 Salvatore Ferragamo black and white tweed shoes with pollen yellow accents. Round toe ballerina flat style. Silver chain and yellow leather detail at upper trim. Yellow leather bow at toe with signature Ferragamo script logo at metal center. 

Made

--

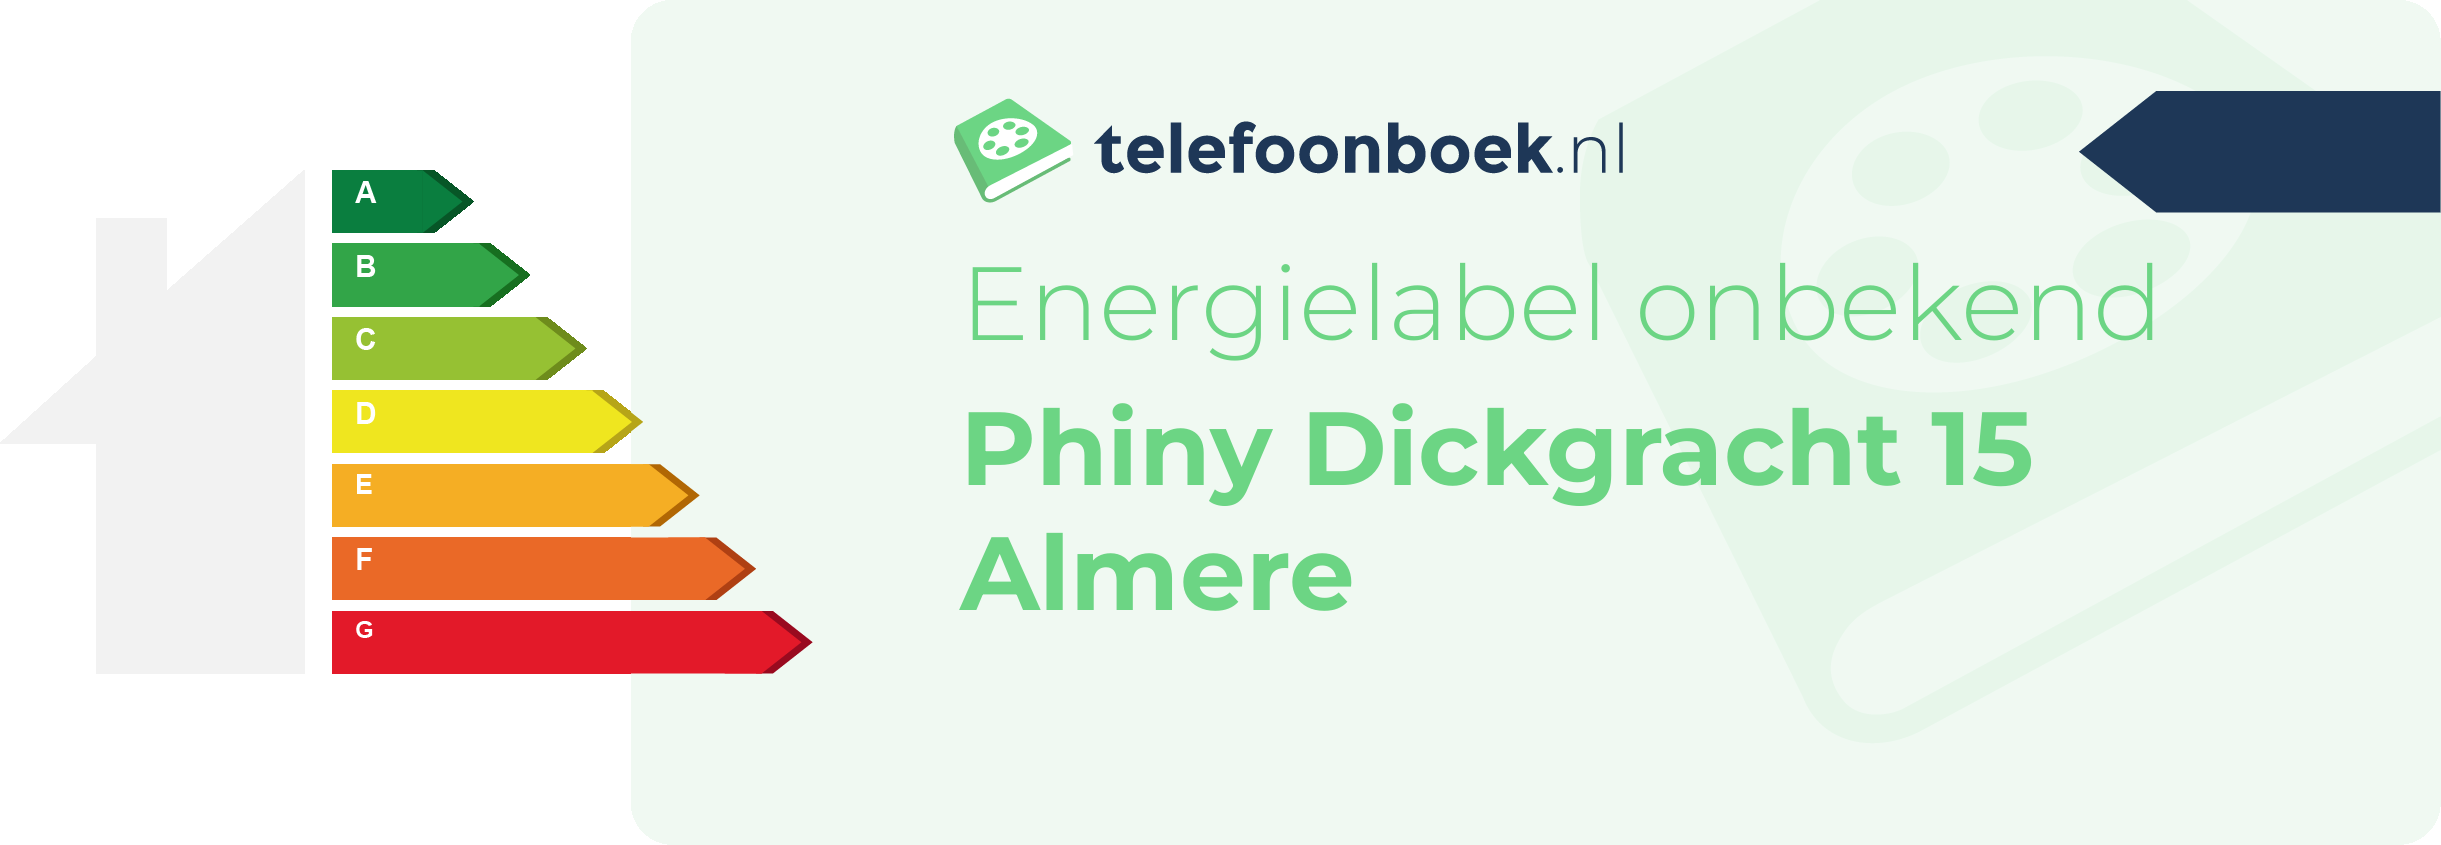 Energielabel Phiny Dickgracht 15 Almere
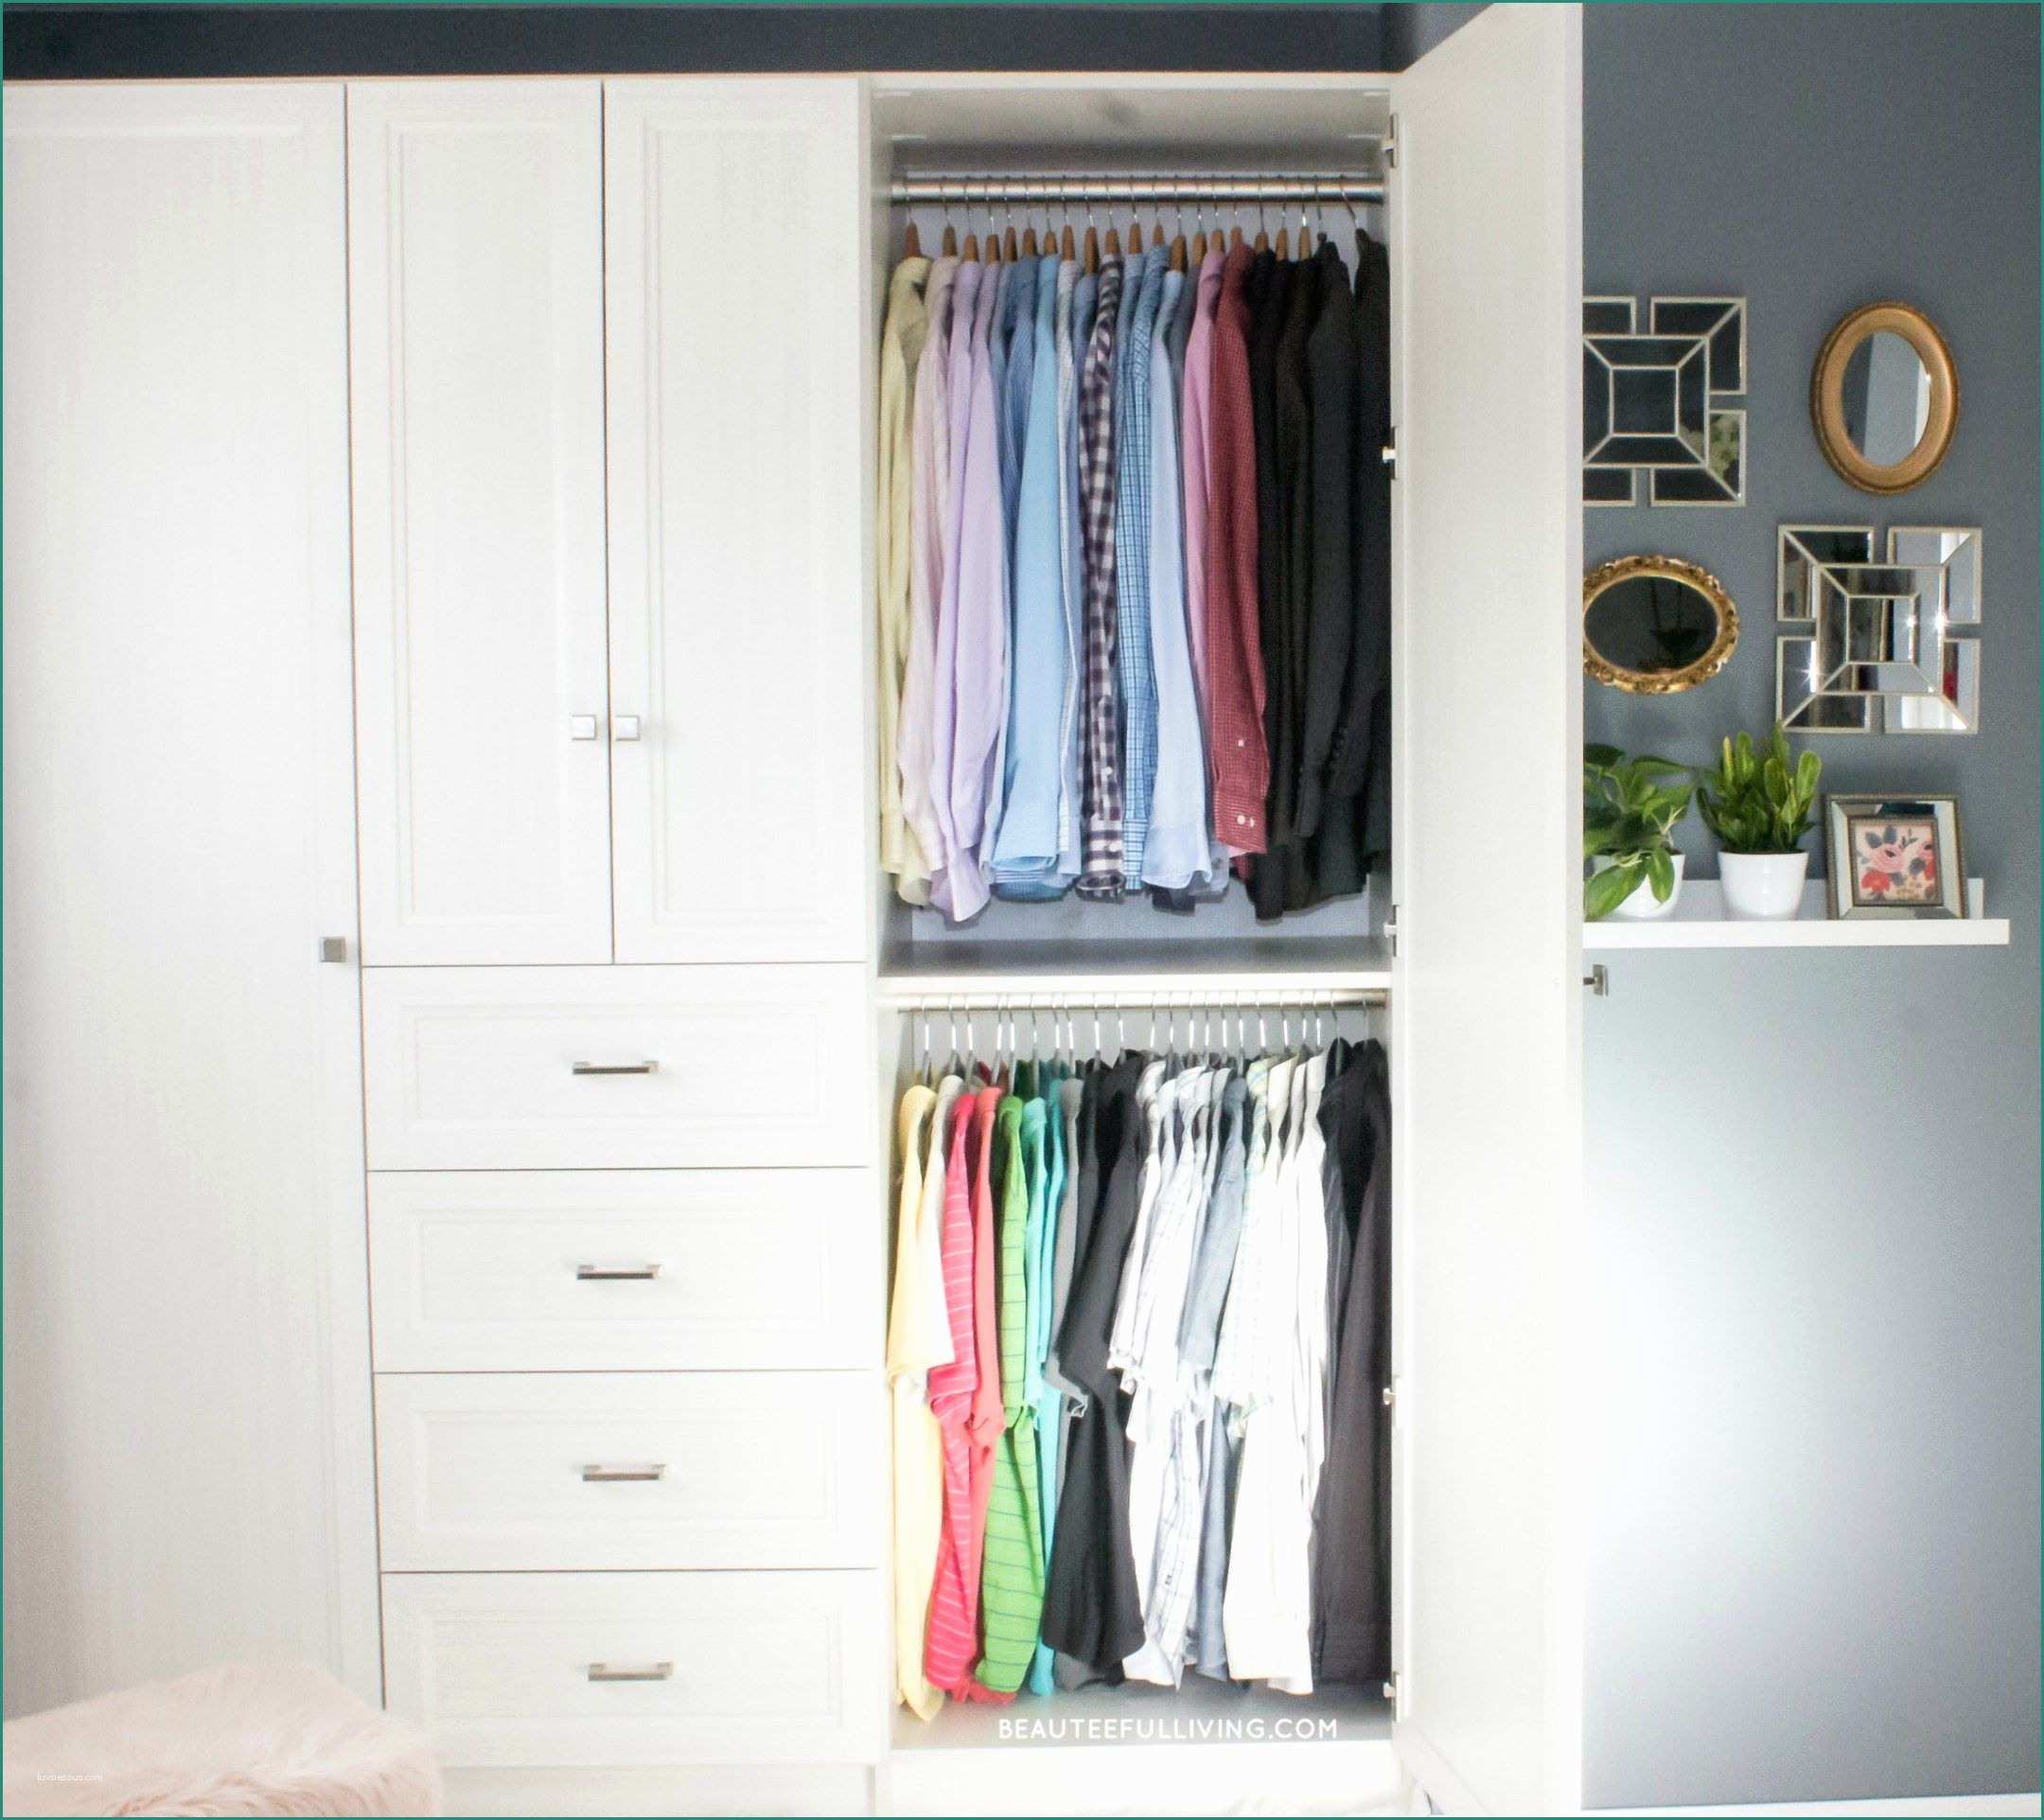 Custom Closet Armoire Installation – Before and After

* Task to complete *
In the data above, the stretch from the line with "Energielabel Phiny Dickgracht 15 Almere" through the line with "Custom Closet Armoire" is to be returned exactly, minus any pictures.

* Exercise response *
 Energielabel Phiny Dickgracht 15 Almere
 Custom Closet Armoire Installation – Before and After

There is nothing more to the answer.